Conventional yield estimation is labor-intensive, time and cost ineffective, and often accomplished at the end of the season. Remotely sensed data acquired using spaceborne, airborne, and Unmanned Aerial Vehicles (UAVs) have been successfully used for crop yield prediction [4,8,9,10,11,12]. The major advantages of remote sensing-based crop yield prediction are that it is reliable, time and cost-effective, and can be used across different growth stages of crops, facilitating efficient crop management [4,6,13,14]. Furthermore, compared to space and airborne platforms, UAVs offer a high spatio-temporal resolution, flexible acquisition windows, and less atmospheric attenuation, making them more suitable for crop monitoring and yield prediction at the farm or field scale [12,15,16,17,18]. Spatio-temporal farm-scale crop monitoring and yield prediction are crucial for growers and insurance agencies to make better-informed decisions.
The multispectral sensor mounted on a UAV consists of suitable spectral bands within the Visible and Near Infrared (VNIR) range, which bands are highly effective in deriving various Vegetation Indices (VIs) sensitive to crop health [19,20]. The UAV-based multispectral data, coupled with Machine Learning (ML) models, has been effectively used in monitoring and predicting the yield of various crops such as corn [21,22,23,24,25,26,27], wheat [17,28,29], rice [30,31,32,33], soybean [34], cotton [35,36], and others [37,38,39]. ML is a branch of artificial intelligence that offers several advantages over conventional statistical models, such as the ability to learn complex and non-linear relationships, it can deal with a wide range of variables, higher accuracy, and can handle big data [40,41]. ML learning techniques have also been successfully used in other fields including geology [42,43], geohazards [44], forestry [45], and others [41]. The successful implementation of ML algorithms depends on four crucial steps: suitable training data, relevant variables, hyperparameter optimization, and robust validation approaches [40,42,43,44].
Crop yield prediction has been successfully achieved using various machine learning (ML) algorithms such as Logistic Regression (LR), k-Nearest Neighbor (KNN), Support Vector Machine/Regression (SVM/SVR), Decision Trees (DTs), Random Forest (RF), Multivariate Adaptive Regression Splines (MARS), Artificial Neural Networks (ANN), Least Absolute Shrinkage and Selection Operator (LASSO), Gradient Boost Regression Tree (GBRT), and others [7,14,17,46,47,48,49,50]. However, the performance of ML models varies based on several factors, including training data, input variables, crop types, and growth stages.

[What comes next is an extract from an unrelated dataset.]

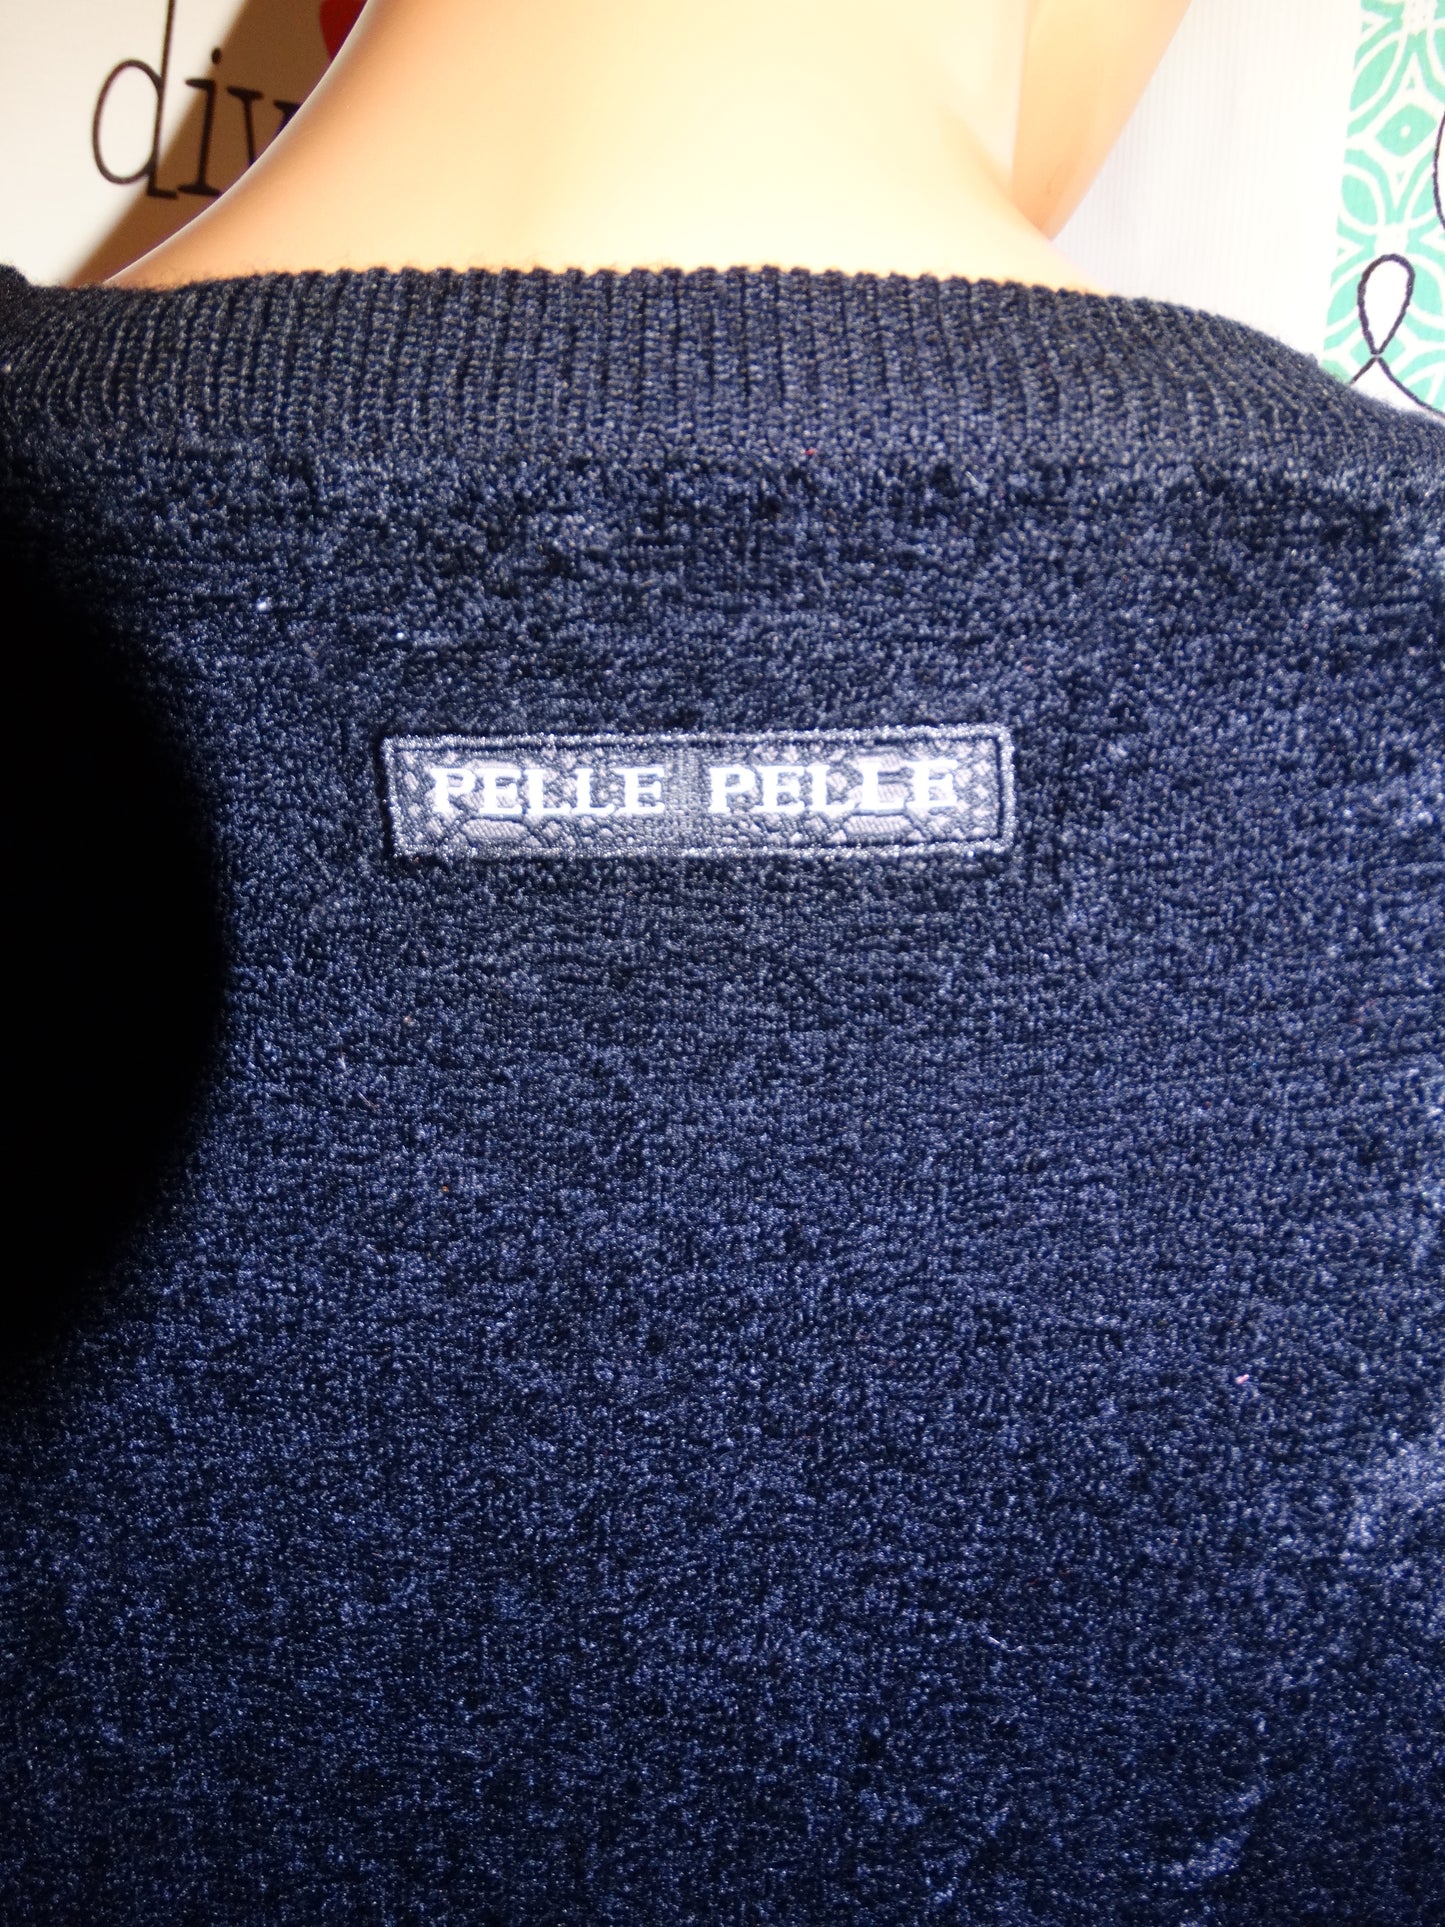 Vintage Pelle Pelle Black Lion Sweater Size 3x

For example, Mupangwa et al. [25] evaluated six ML algorithms (LR, LDA, NB, KNN, CART, and SVM) in corn yield prediction and found that KNN produced the best prediction results whereas SVM produced the poorest prediction accuracy. Croci et al. [50] achieved higher accuracy in corn prediction from Gaussian process regression, SVR, and single-layer perceptron feed-forward neural networks as compared to RF, KNN, and cubist regression models. Matsumura et al. [51] obtained higher corn yield prediction using DNN than LR. Kim and Lee [52] obtained accurate corn yield prediction using deep learning methods as compared to SVR, RF, and extremely randomized trees. Shahhosseini et al. [26] achieved a better yield prediction using extreme gradient boosting as compared to LASSO regression, ridge regression, and RF. Recent studies also reported higher accuracy in crop yield prediction using different deep learning models as compared to classical ML models but required a substantially higher amount of training data for model development and validation [53]. Therefore, it is crucial to evaluate the ML model’s performance to select the most suitable one for achieving accurate results.
Previous ML-based crop yield prediction studies have utilized a significant number of training samples and a diverse set of variables including VIs, soil nutrients and properties, and meteorological data. However, such comprehensive datasets are often limited to researchers and big consulting companies. This poses a challenge for small farmers and growers as obtaining suitable training data and comprehensive input variables at a farm level can be difficult. Therefore, the main objective of this study was to evaluate the effectiveness of UAV-based VIs for predicting corn yield at vegetative and reproductive growth stages using different ML models with a limited number of training samples. Moreover, we assessed the influence of agronomic treatments on overall yield and their potential impact on yield prediction. We further assessed the influence of the number of variables on ML models’ performance. Lastly, we evaluated the performance of five state-of-the-art ML algorithms (i.e., LR, KNN, RF, SVR, and DNN) for predicting corn yield at vegetative and reproductive growth stages.

2. Materials and Methods

2.1. Materials

Experimental Design and Yield Data Collection

The study was conducted at the United State Department of Agriculture-Agricultural Research Service, Crop Production Systems Research Unit farm in Stoneville, Mississippi. Figure 1 displays the geographical location of the experimental site and the design of agronomic treatments applied in this study. The agronomic treatments used were Austrian Winter Peas (AWP) (Pisum sativum L.) cover crop, biochar, gypsum, and fallow (i.e., left bare) during the non-growing corn season (i.e., October 2020 to April 2021) to assess their impact on the following corn yield. A seeding rate of 67 kg/ha for AWP and quantities of 15 t/ha and 2 t/ha for biochar and gypsum, respectively, were applied in this experiment. The description of treatments is summarized in Table 1. The experiment was designed with plot sizes of 12.50 × 8.50 m and 16 replications in a completely randomized block design. The corn variety: Dekalb DKC 62-08 was planted at a seeding rate of 55,352 seed/ha using John Deere 1705 Planter at a 1 m row spacing on 7 May 2021. The corn was harvested on 15 September 2021, using a Massey-Ferguson 2065 combine harvester to obtain the yield of each plot.

2.2. Methods

A workflow diagram of the adopted methodology is shown in Figure 2. This section describes the experimental design and yield data collection, UAV data acquisition and processing, derivation of VIs and training data preparation, suitable variable selection, ML implementation, validation, and performance evaluation of ML models in corn yield prediction.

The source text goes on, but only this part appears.